March 15th, 2009 Leave a comment Go to comments

A typical truss tower crane. Features three types of truss, movable trolley and counterweight, and unusual rotation system.


Completion date: 15/03/2009
Power: electric (Power Functions)
Dimensions:  length 184 studs / width 19 studs (not including the baseplate) / height 159 studs
Weight: 2.89 kg
Load capacity: accidentally collapsed at 438 grams
Suspension: none
Motors: 1 x PF Medium, 1 x PF XL, 2 x  71427

I’ve been fascinated by truss constructions for a long time, and it felt natural to eventually build a simple truss crane. Or, to be more specific – I thought a tower crane was simple until I actually started to build one.

I have used two important points of reference: a tower crane by Philo,  and a bigger one by Thomas Avery. The crane was meant to be realistic, and thus was built pretty closely after a typical scheme:

The most important part are obviously truss modules. Typically, a truss can be a subject to up to four factors: bending, twisting, compression and stretching. It is possible to build a truss resistant to all these factors, but such a truss is heavy and rarely has to actually bear all four factors. It is therefore a good solution to use the lightest truss possible, designed to bear only specific factors. This is the case of this crane – out of three truss types used none is capable of bearing all the mentioned four factors.

First, there is the tower mast. I have designed something I could call a perfect truss module for it, but it turned out to be too parts-consuming. Such a module can be built with bricks and beams, in a rectangular shape. It consists of vertical 9-studs long beams connected to a horizontal 10-studs long bricks, and reinforced slantways with 13-studs long beams. All these dimensions fit perfectly, and it’s very easy to stack such modules one upon another. I did not, however, possess enough parts to build a mast of desired height (I wanted the crane to be able to transport loads from the floor to my table) with such modules, so I used a simplier, less stiff version.
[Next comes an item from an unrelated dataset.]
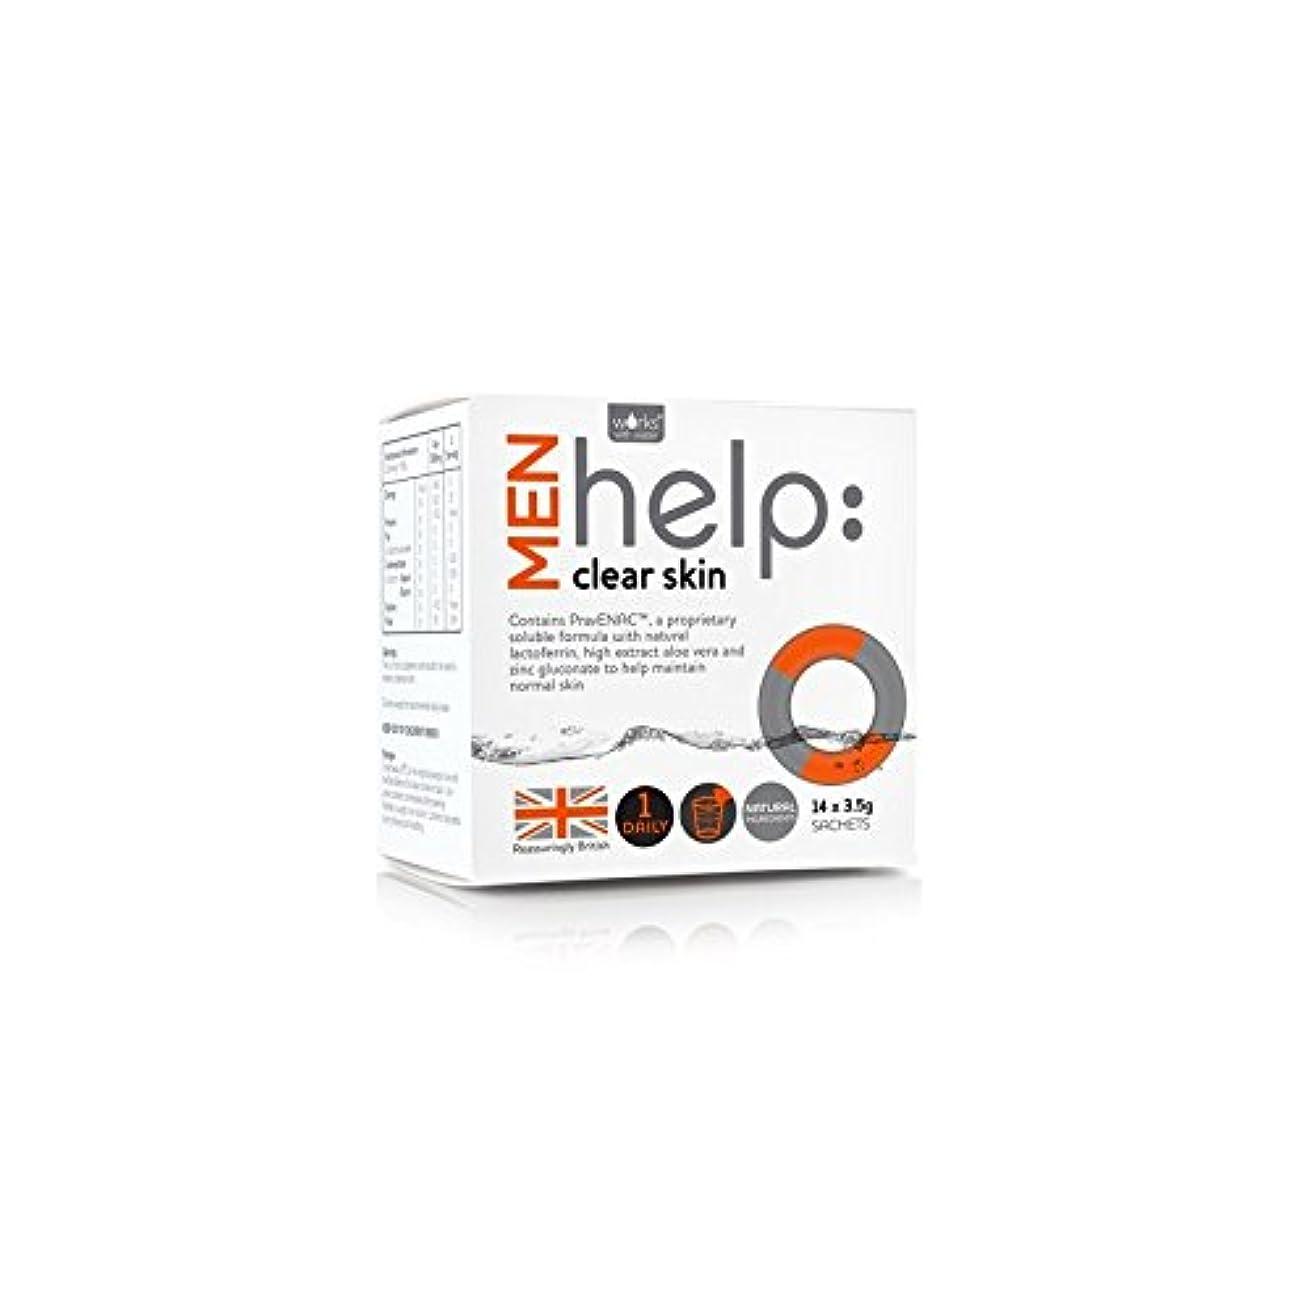 トリプル超えてステレオタイプWorks With Water Men's Help: Clear Skin Soluble Supplement (14 X 3.5G) (Pack of 6) - クリアな肌可溶性サプリメント(14 3.5グラム)...

The tower mast is modular, with lower part reinforced by counterforts from four sides and by vertical beams on the edges. It would be perfect to reinforce the entire mast with the beams, but I did not have the sufficient number  of beams in a single colour, and I was unwilling to make the crane multi-coloured, nor to buy extra parts for it. The mast is resistant to compression, twisting and bending, but not to stretching because of its modular construction.

Secondly, the counterjib. It was meant to have empty space inside, so I used a rectangular truss with only two sides reinforced. It is resistant to everything except twisting.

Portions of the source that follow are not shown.